March 09, 2001|LIZ PULLIAM WESTON | TIMES STAFF WRITER

A Los Angeles jury awarded Allstate Corp. $8.2 million on Thursday in a landmark fraud case involving nine medical clinics accused of billing for treatments that were never rendered. It was the first case tried under a 1995 California law that allows auto insurers to pursue civil fraud allegations in court rather than rely on regulators to tackle the cases.

Allstate, the nation's second-largest auto insurer, has been a leader in using the law to sue doctors and clinics. Most cases have been settled out of court.

"A verdict like this says jurors recognize that fraud should not go unpunished and that they're willing to crack the whip when it's demonstrated," said Dick Ross, a member of the state Department of Insurance's criminal investigations branch.

An attorney for Allstate said the company hopes the ruling will have a deterrent effect on doctors who falsify billings or provide unnecessary treatments.

"There are a lot of dirty doctors out there and it's costing policyholders billions of dollars in claims," said Dennis B. Kass of Manning & Marder, Kass, Ellrod, Ramirez.

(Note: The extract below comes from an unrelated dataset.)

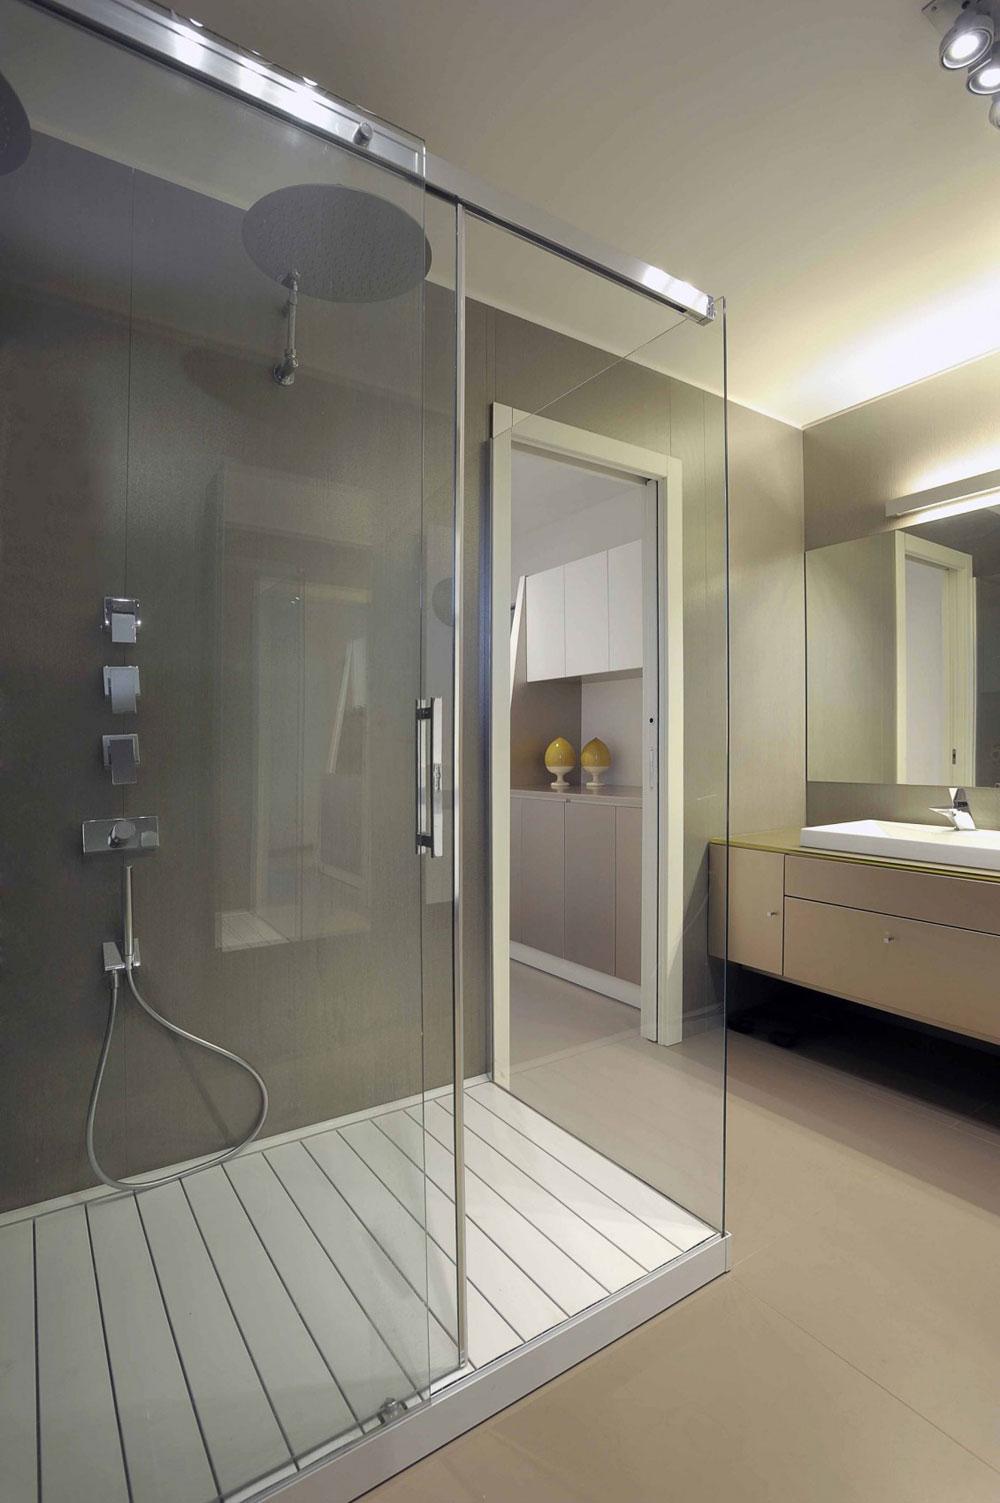 Home-Interior-Design-Bathroom-Ideas-To-Create-Something-

In 1999, Allstate filed suit in Los Angeles County Superior Court against six doctors who ran nine Southern California clinics: Tri-Star Family Health Center in El Monte, Wilshire Tri-Star Medical Clinic, Van Nuys Family Health Center, Carson Community Medical Clinic, Carson Medical Clinic, Wilshire Rampart Health Center, Value Care Medical Clinic in West Covina, Anaheim Walk-In Medical Clinic and El Monte Valley Health Center.

Allstate accused the doctors and clinics of altering medical records and bills to support insurance claims or personal-injury lawsuits against the insurer and its policyholders.

Allstate settled with three of the doctors--Behrouz Meshkin, Noland Coons and Jacqueline Ganjeh--for $180,000 and pursued the other three--Hisham Muhyeldin, Feras Y. Haddad and Elyas Khury--in court, Kass said. The jury deliberated for about two weeks before finding the doctors liable for fraud, he said.